My students can’t make sense of their textbooks.
I sort of clued in to that last year, but the full weight of it is finally hitting me. Part of the problem is that I’ve never met an electronics textbook I liked — topics are always organized for memorizing rules, which means they’re backward for conceptual understanding. Also, they assume that students in an electronics course have mastered high school physics. It’s an entrance requirement, after all. Yes, they all passed that course, but to assume that they understood it is patent nonsense. So my displeasure with the textbook was obvious to last year’s students, who blamed their lack of comprehension on it being a “bad textbook,” and I ended up having to do damage control all year.
This year, I kept my complaints to myself. I realized that students needed some coaching on how a textbook is different from a novel or a newspaper, so I had a class on identifying structural elements, finding things in the glossary, knowing when to use the index vs. when to use the table of contents (most didn’t know the difference), etc. And that was helpful. We’re doing better at using the textbook like a dictionary, not a bedtime story. And once we got those obstacles out of the way, I started noticing a bunch of other things that had been hidden under them.
Most of my students can’t tell where specifically they got lost. Q: What did you find confusing about last night’s reading? A: All of it!
Most of my students have reading comprehension strategies. If they get lost while reading text that is about a familiar topic, they have ways to get unlost. I know this because I see them stopping, rereading, marking their books, etc. But they are unaware of their strategies, or don’t realize that those things help with comprehension. They do them sort of intuitively, without thinking about them, and can’t name them when asked. That means that when they read text that is about an unfamiliar topic, they can’t call on those strategies consciously, and so the whole text seems hopeless. Q: What can you do to help yourself figure out the meaning? A: Nothing!
Other broad issues are at play here: their unfamiliarity with self-assessment, the common assumption that learning is something that happens effortlessly to “smart” people, their shame at not knowing and tendency to hide the evidence. I’m slowly starting to learn how to deal with those too. But the reading baffled me.
This reading process by Chris Hill helped. I really like Mortimer Adler’s book How To Read A Book, and maybe I’ll adapt some of that material. I also learned a bunch from reading Cris Tovani’s book I Read It But I Don’t Get It. Readable, well-organized, persuasive, concrete… I loved this book. Unfortunately it is a giant catalogue of things I now realize I should be doing in my classroom, but was oblivious to. On practically every page I had a face-palm moment, recognizing my own students’ complaints in her anecdotes, and realizing, “oh, THAT’s what they’re doing.” Tovani got me thinking about great questions, and provided lots of example exercises or lesson plans that made sense to me:
- How to find your confusion
- How to deal with confusion when you find it
- How to mark text
- How to find a purpose when it seems like there’s no point
- How to make predictions that are not outlandish
And these ideas are not just about reading comprehension. I get the feeling they’re about comprehension in general; in other words, some of this material is about teaching critical thinking and intentional learning. Wrangling this stuff into a format I can use in class goes in the file of “summer projects”…

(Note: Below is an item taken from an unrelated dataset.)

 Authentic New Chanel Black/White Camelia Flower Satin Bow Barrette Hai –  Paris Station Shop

One of your comments jumped out at me because of the connection to the work I do. It was that : “… these ideas are not just about reading comprehension. I get the feeling they’re about comprehension in general; in other words, some of this material is about teaching critical thinking and intentional learning.”

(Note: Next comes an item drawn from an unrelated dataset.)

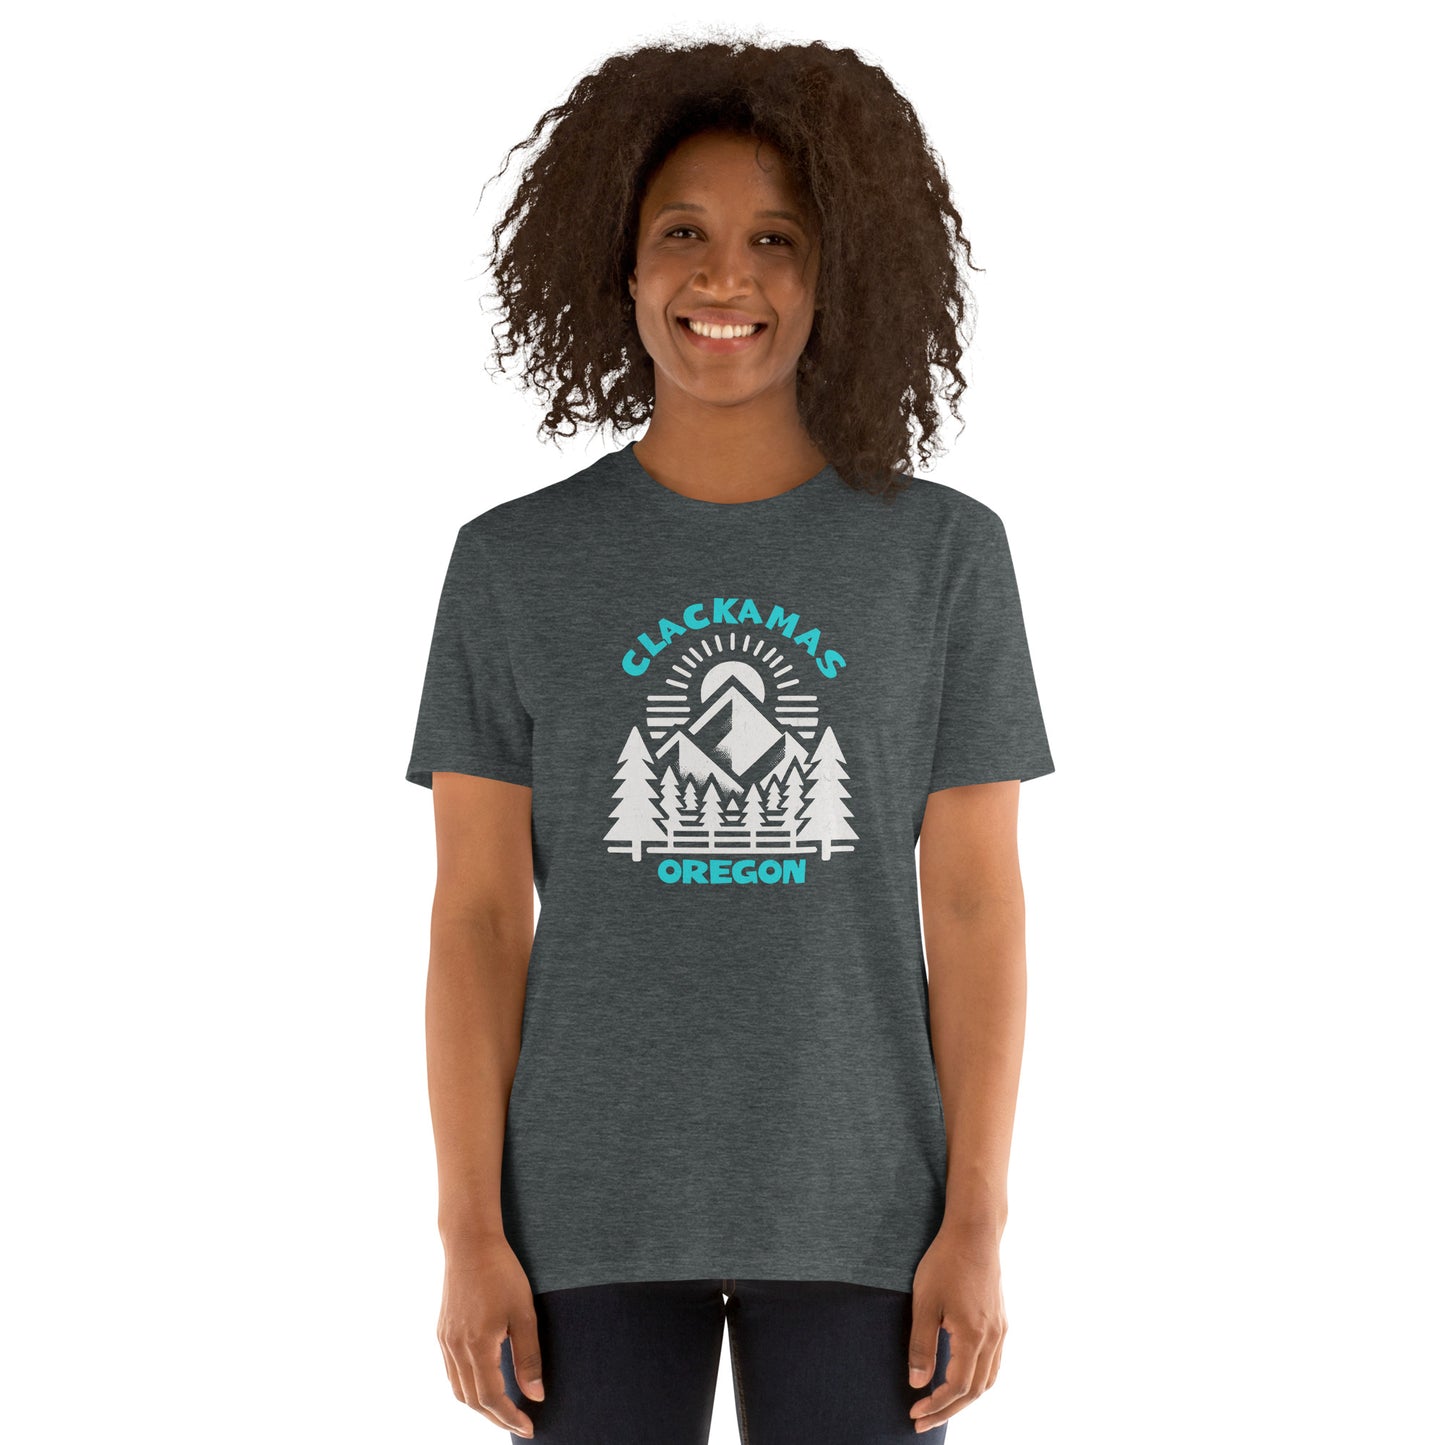 Clackamas - featured cities - Short-Sleeve Unisex T-Shirt

What you’re talking about is helping students learn how to learn, and that is at the core of what NSCC calls ‘portfolio learning’. It’s been a vague term around the college, not because we don’t ‘do’ portfolio learning, but because we don’t recognize that what we do ‘is’ portfolio learning … it’s any approach that values critical thinking, figuring out solutions, recognizing transferability of skills an knowledge, thinking deeper than the surface thoughts …
Your posts here are refreshing. You, yourself, are engaged in your own portfolio learning, taking experiences and making sense of them, critically reflecting on what you’re doing, why you’re doing it, what’s working, what fits with who you are and how you work with your learners. People learning about their own way of learning … it’s happening all over your classroom! 🙂
Hi Sheila, thanks for your thoughtful comments, and succinct definition. I am increasingly alarmed by how deeply my students believe that learning is something that happens to you. Now I understand that part of my job is to help them take control of their learning. I certainly hope that I model this for my students, even while my own understanding of it is changing rapidly. I used to think I had a responsibility to learn about myself and my trade (electronics). Now I’m coming to believe that it is also “incumbent on teachers to become scholars of [our own teaching]. So many teachers are not scholars of their own profession, and we have to own that played a role in letting those who spoke with authority about their ‘research-based solutions’ command the debate.”
Another favourite quote: 2:15. Confucius said, “He who learns but does not think is lost; he who thinks but does not learn is in danger.”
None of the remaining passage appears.